2. Building other Rust code against the prebuilt Theseus dependencies

With the contents of build/deps/ described above, we can invoke theseus_cargo to build the new out-of-tree crate in a separate compilation instance. The theseus_cargo tool is a Rust program that invokes cargo, captures its verbose output, and then modifies and re-runs the rustc commands issued by cargo to use the prebuilt crates to fulfill the out-of-tree crate's dependencies. Those prebuilt crates are a set of dependencies, namely .rmeta and .rlib files, that are understood by the Rust compiler's internal metadata parsers.

The main modifications theseus_cargo makes to rustc commands is to replace the <values> of the following arguments with the paths and names of the prebuilt Theseus crates in /build/deps/:

  • -L dependency=<dir>
  • --extern <crate_name>=<crate_file>.rmeta

If a given rustc command has any arguments that need to be changed, theseus_cargo reissues that command.

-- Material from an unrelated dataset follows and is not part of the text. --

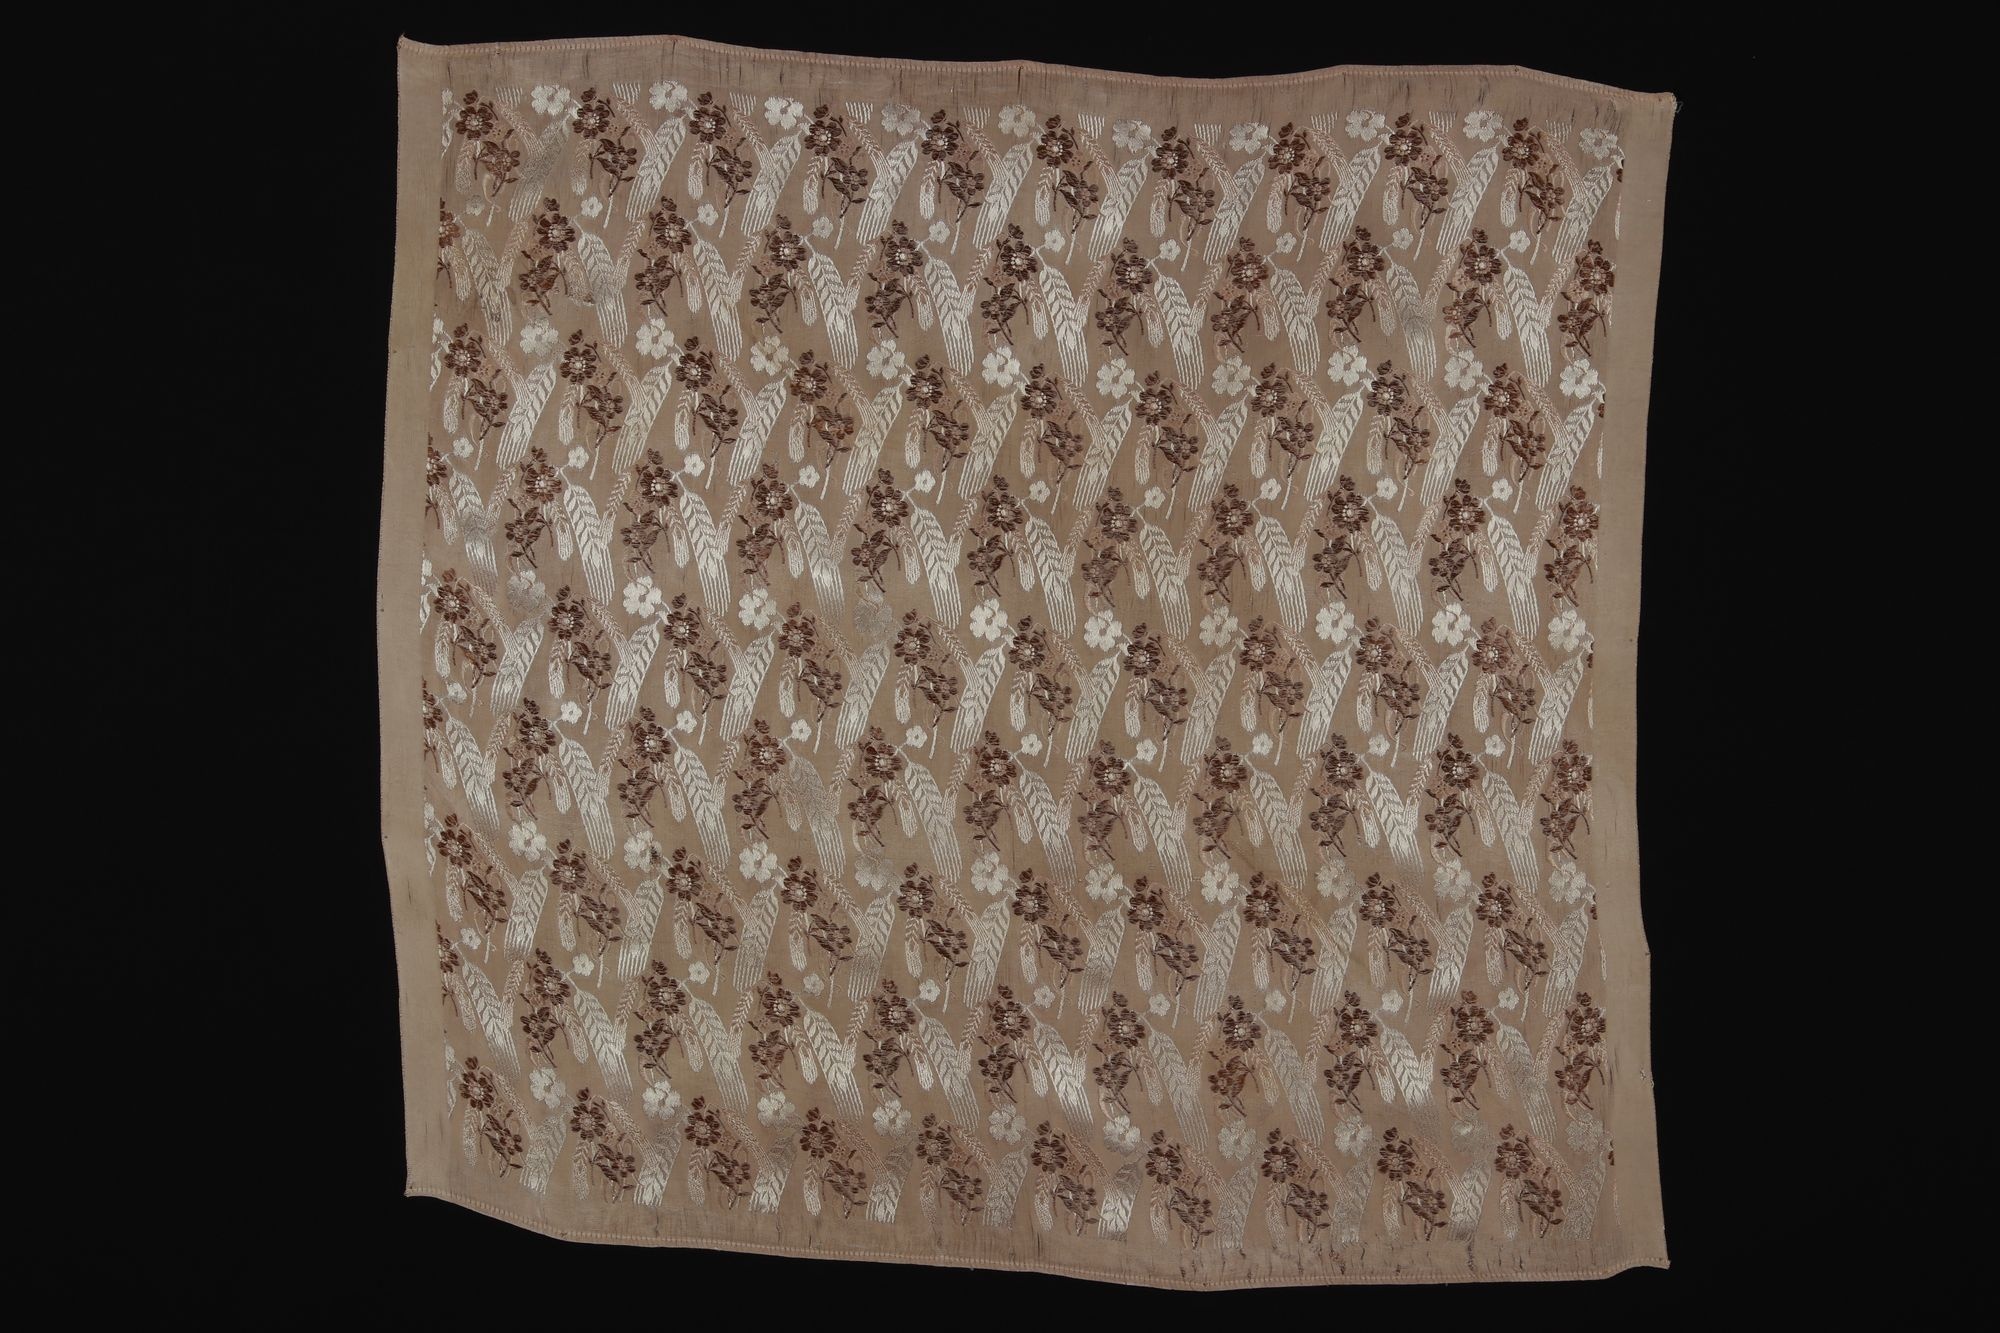 Selyemkendő "selemkendő" (Rippl-Rónai Múzeum CC BY-NC-SA)

Currently, to use theseus_cargo, it must be compiled and installed from source:

cargo install --path="tools/theseus_cargo" --root=$INSTALL_DIR

Then, it can be invoked just like cargo build, e.g., to build a crate against the prebuilt dependencies in the input folder:

$INSTALL_DIR/theseus_cargo --input "build/deps/"  build

Currently, theseus_cargo prints very verbose output and will show a lot of irrelevant warning and log statements describing what it is doing. If the out-of-tree crate was successfully built, it will finally print something like "Ran rustc command (modified for Theseus) successfully" before exiting successfully with exit code 0.

See the tools/theseus_cargo source code for more details.

The approach of capturing and modifying rustc commands using verbose output from cargo is obviously not ideal, but there is currently no other supported way to obtain this info because cargo is removing its --build-plan option.